Bioconductor/Biostrings

Bug: length of PairwiseAlignments

gevro opened this issue · 2 comments

gevro commented

Hi,
Per the documentation, length should return the lengths of each alignment of a PairwiseAlignments object

General information methods
In the code snippets below, x is a PairwiseAlignments object, except otherwise noted.

alphabet(x): Equivalent to alphabet(unaligned(subject(x))).

length(x): The common length of alignedPattern(x) and alignedSubject(x). There is a method for PairwiseAlignmentsSingleSubjectSummary as well.

However, the latest version of Biostrings simply returns the total number of alignments within the PairwiseAlignments object.

I believe this is a bug.

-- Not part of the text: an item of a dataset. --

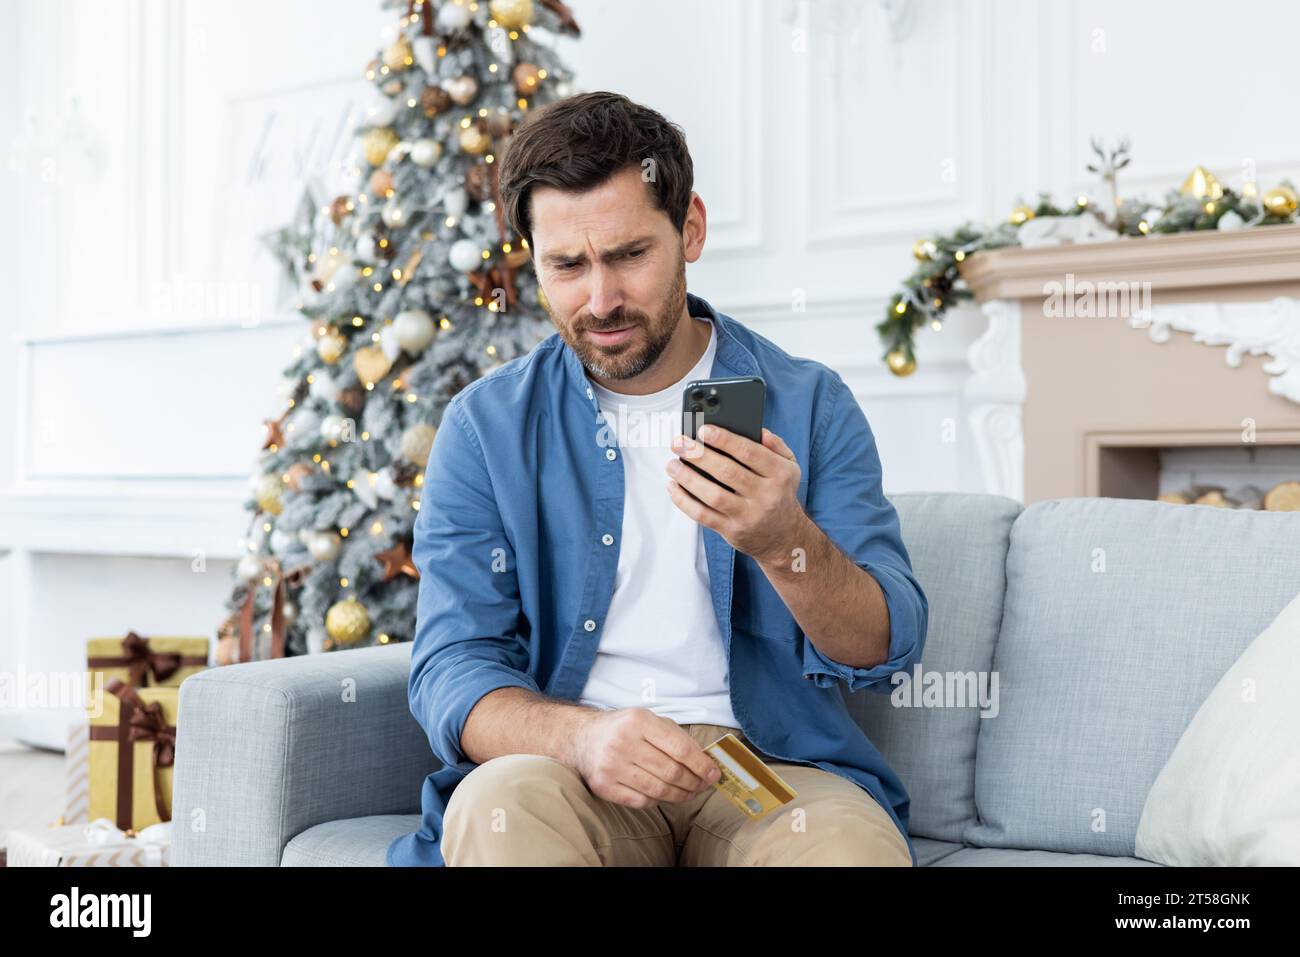 Credit score problems. A mature man is sitting at home on the sofa on Christmas holidays and holding a credit card in his hands, looking at the phone screen incredulously and worriedly. Stock Photo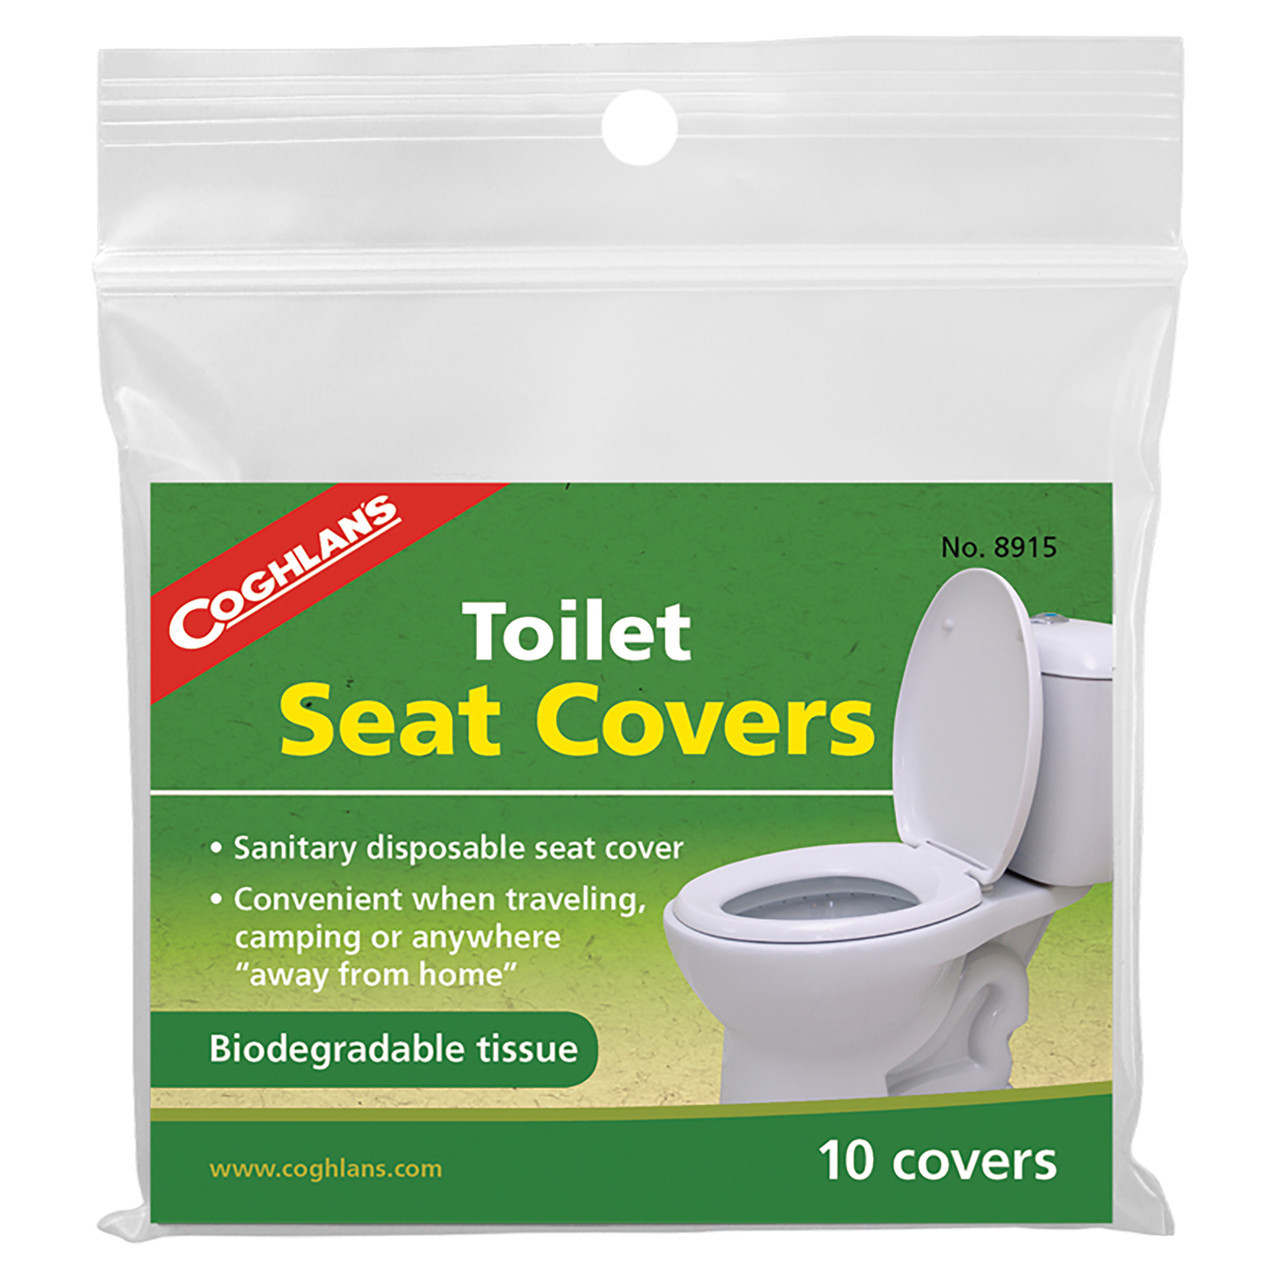 The Necessity Of Disposable Toilet Seat Covers That You Must Know

Also, there does not seem to be a function to do what the documentation indicates.

Hi,

However, the latest version of Biostrings simply returns the total number of alignments within the PairwiseAlignments object.

This has always been the case and is the expected behavior of length() on a PairwiseAlignments object:

library(Biostrings)
pattern <- AAStringSet(c("PAWHEAE", "PAWHAE", "PAWWHEAE"))
subject <- AAString("HEAGAWGHEE")
x <- pairwiseAlignment(pattern, subject)
x
length(x)
# [1] 3

Also I don't see any contradiction with the documentation:

alignedPattern(x)
# AAStringSet object of length 3:
#     width seq
# [1]    10 P---AWHEAE
# [2]    10 P---AW-HAE
# [3]    11 P---AWWHEAE

length(alignedPattern(x))
# [1] 3

alignedSubject(x)
# AAStringSet object of length 3:
#     width seq
# [1]    10 HEAGAWGHEE
# [2]    10 HEAGAWGHEE
# [3]    11 HEAGAWGHE-E

length(alignedSubject(x))
# [1] 3

Use nchar() if you want the lengths of each alignment in the PairwiseAlignments object:

nchar(x)
# [1] 10 10 11
gevro commented

Ok thank you.